Ага снова задумался. До сих пор он не придавал всему этому особого значения. «Это — греческие дела, — размышлял он. — Пусть дерутся греки с греками, пусть выцарапывают друг другу глаза! Но теперь в эти дела оказались замешанными власти, Турция… Если я разрешу этому червю, Манольосу, стать зверем, что потом будет с Турцией? Придет московит и захватит ее. И тогда черт знает чем все это кончится. Козлобородый прав: волк вошел в мою овчарню — если я его не съем, он меня съест!» Ага заговорил:
— Что бы там у вас ни делалось, — мне на это наплевать. Но теперь я вижу, что это не только греческие дела — вся эта история гораздо серьезнее… Идите теперь все к черту, оставьте меня одного, я подумаю, — а дальше видно будет. Ну-ка, живо, убирайтесь!
Он поднял свою плеть и начал размахивать ею над их головами и согнутыми спинами. Все трое испуганно втянули головы в плечи, чтобы уберечься от ударов, и, прижимаясь друг к другу, бросились к двери. Позади них слышался свист плети. Потом ага захлопнул дверь ногой и остался один.
— Принеси мне бутыль раки! — крикнул он Марфе. — Мне надо все хорошенько обдумать.
Поп Григорис и Ладас помчались в село и приказали пономарю звонить в колокол, как на похоронах. Все ликоврисийцы собрались на площади. Всю ночь они переживали свое поражение, которое потерпели от голодранцев, а сегодня, израненные и избитые, были злы и жаждали отмщенья. Поп стал в центре площади — он уже ожил — и закричал:
— Дети мои, мы опозорились, нужно отомстить! Я беседовал с агой, мы обо всем с ним договорились. Кто виновен во всех наших несчастьях? Только один человек — отлученный от церкви Манольос! Но час его пробил. Ага передаст его нам, чтоб мы его судили, вынесли приговор и выпили из него кровь. Идите, дети мои, идите к дому аги, рвите на себе одежды и кричите: «Манольос! Манольос! Выдать нам Манольоса!» И ничего больше. Остальное — мое дело.

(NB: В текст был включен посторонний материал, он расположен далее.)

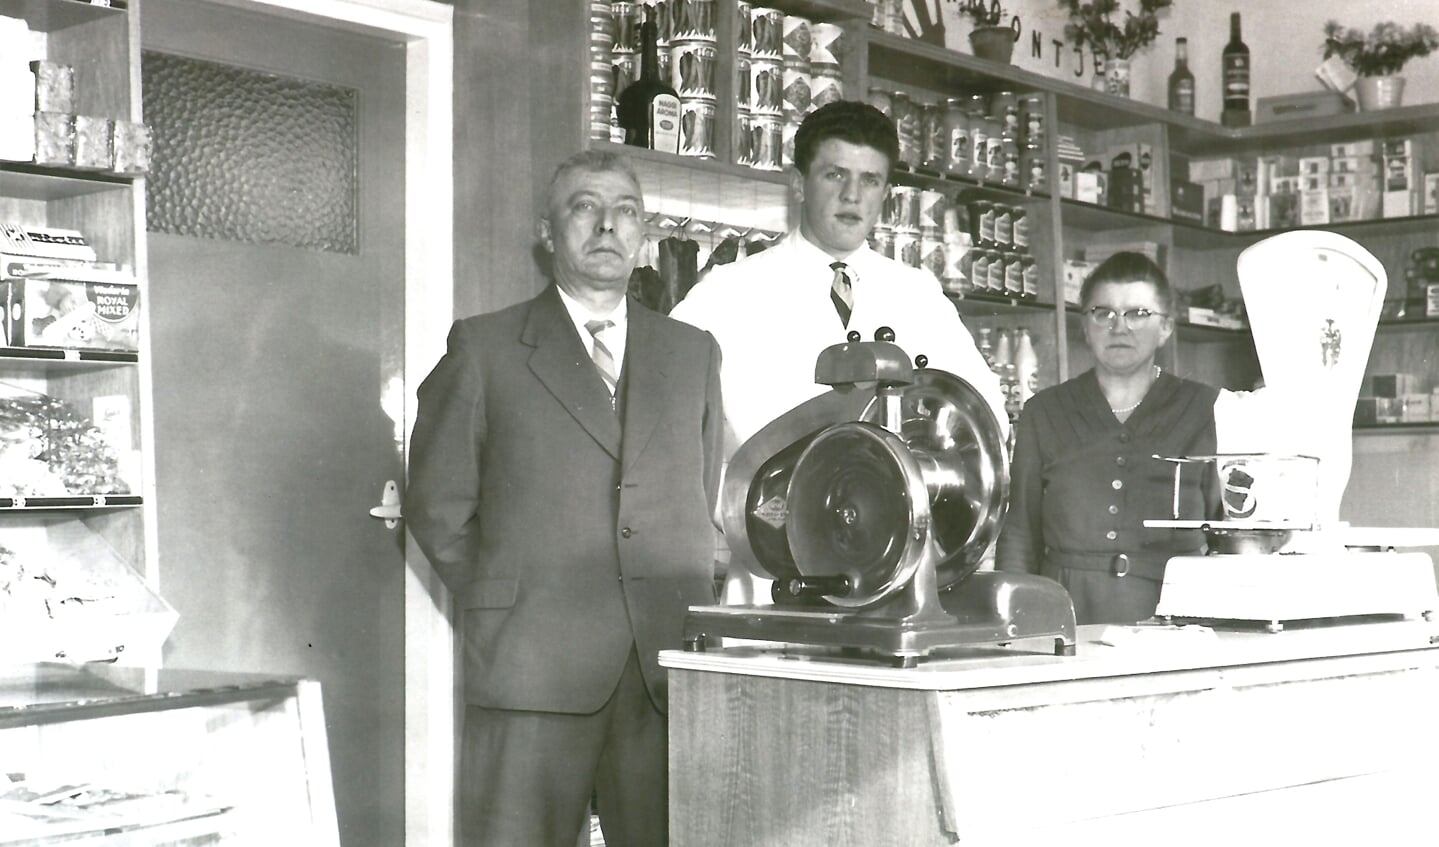 Jo had de winkel in 1959 overgenomen van zijn vader (v.l.n.r.: vader Toon, Jo en moeder Sien
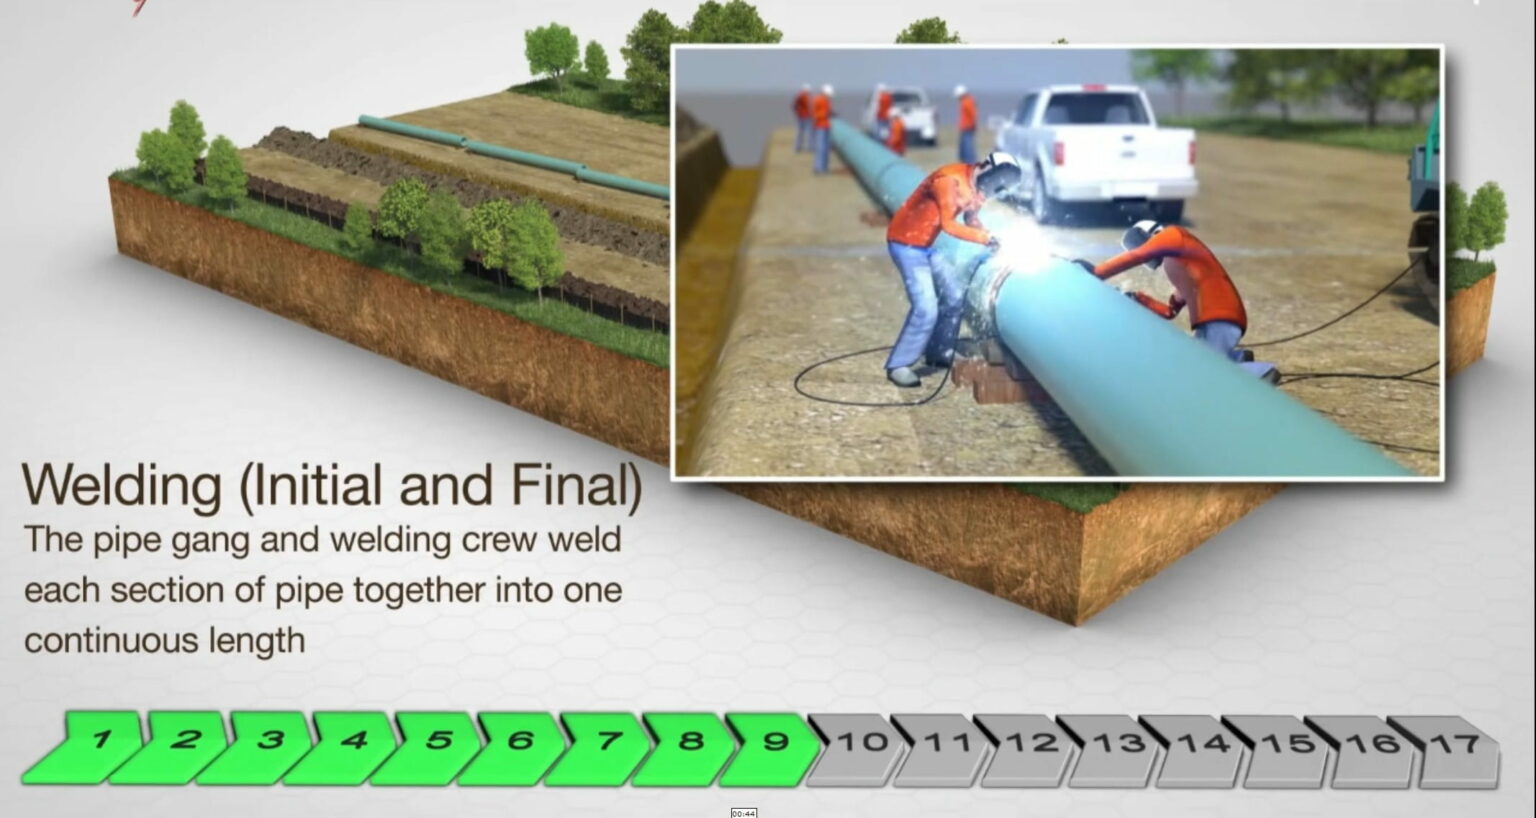 Infografía sobre el proceso paso a paso de instalación de tuberías enterradas, incluyendo excavación y enterramiento

Он быстро направился к церкви, вошел в нее, упал на тело своего брата, поцеловал его, наскоро прочитал молитвы. Сейчас мысля его были заняты другим. Потом крестьяне подняли тело учителя и отнесли его на кладбище. Поп облокотился на свой посох, вспомнил свое детство и заплакал. Учителя поспешно зарыли в землю, выпили по рюмке раки за упокой его души и разошлись. Все думали о другом и торопились.
К обеду мертвецки пьяный ага принял решение. Он позвал к себе Панайотароса, который, как побитая собака, сидел на пороге и ждал приказаний.
— Иди сюда, Панайотарос, — сказал он ему. — Ты можешь ходить или совсем охромел, бедняга?
— Могу, если речь идет о Манольосе, — ответил тот.
— Я вижу, что у тебя не покрыта голова. Где же твоя феска? Что ты с ней сделал, гяур?
— Я вчера забыл ее, ага, у колодца святого Василия. Я узнал, что ее нашла старуха Мандаленья. Я попрошу ее принести мне феску.
— Надень на голову феску, возьми с собой двух сильных крестьян, если сам не надеешься справиться, пойди в деревню и приведи ко мне Манольоса. Ступай!
— Живого или мертвого?
— Живого!
Гипсоед тут же перестал хромать от радости и побежал так, как будто у него выросли крылья.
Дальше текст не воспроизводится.